Survey participants have opposing viewpoints on the four-day workweek. One major international corporation took the opposite approach to worker scheduling.
In 2019, Microsoft Japan implemented a four-day workweek as part of a pilot program. The company noticed a nearly 40% increase in productivity as a result of the shortened workweek. The program was such a success that Microsoft Japan made it permanent.
Benefits of the Four-Day Workweek

Since the global health crisis, employers have prioritized work-life balance. A shorter workweek with a three-day weekend is generally thought to lead to greater worker satisfaction.

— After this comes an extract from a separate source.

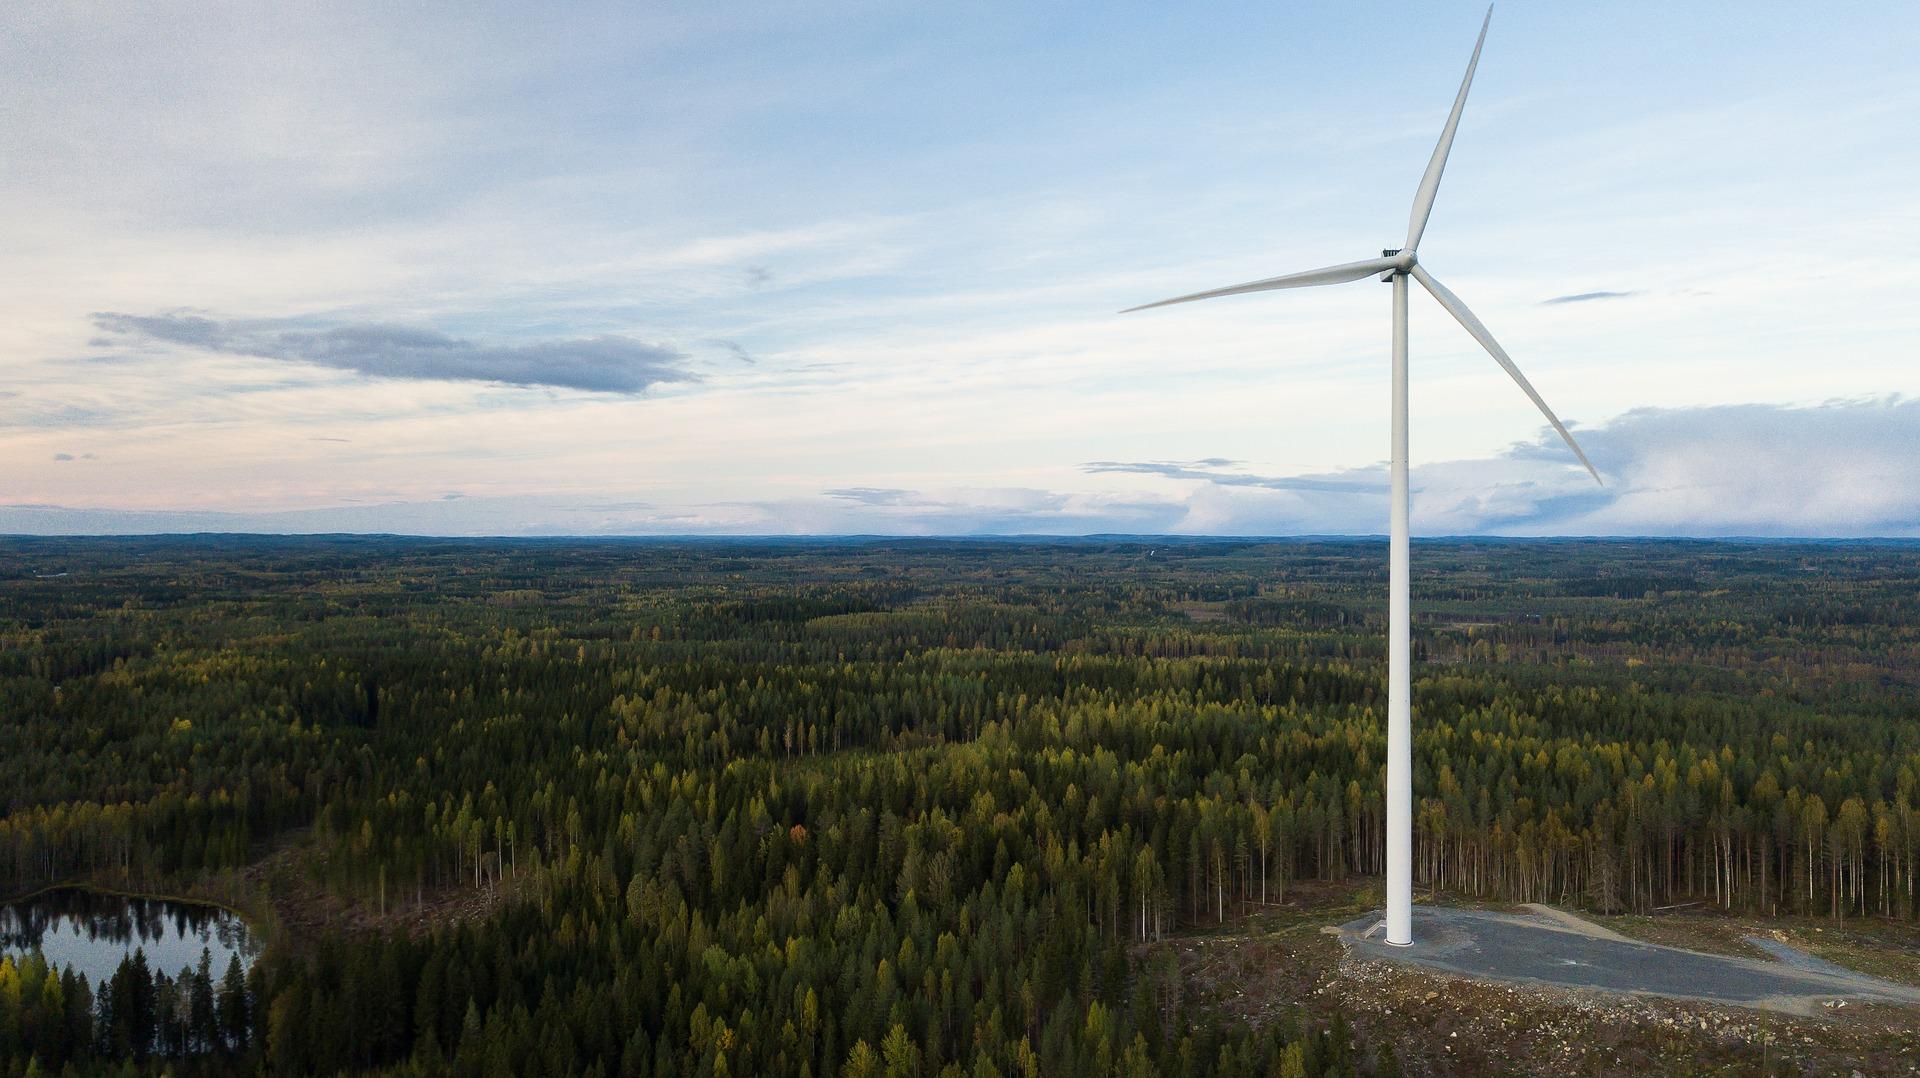 Worldcom Confidence Index: Energia-alan luottamus tulevaan kohentunut

81% of employers believe work-life balance would increase, with 80% saying employee morale and mental health would improve. 69% predict an improvement in worker retention would occur, along with 67% expecting an increase in productivity and 66% anticipating worker burnout. Less than half (49%) feel revenue would increase.
The Extended Outlook

Some employers may view a six-day workweek as beneficial to their company’s bottom line, but it’s a shortsighted decision that could backfire on them with the loss of workers and difficulty hiring new staff. Organizations globally are slowly but steadily embracing shortened workweeks, and workers are responding positively.
In 2023, a police department in Colorado transitioned to a four-day workweek with no changes in pay or benefits, and staffing levels remained unchanged. The six-day workweek may remain an outlier, while schedules prioritizing a work-life balance and employee satisfaction over productivity may upend the five-day workweek.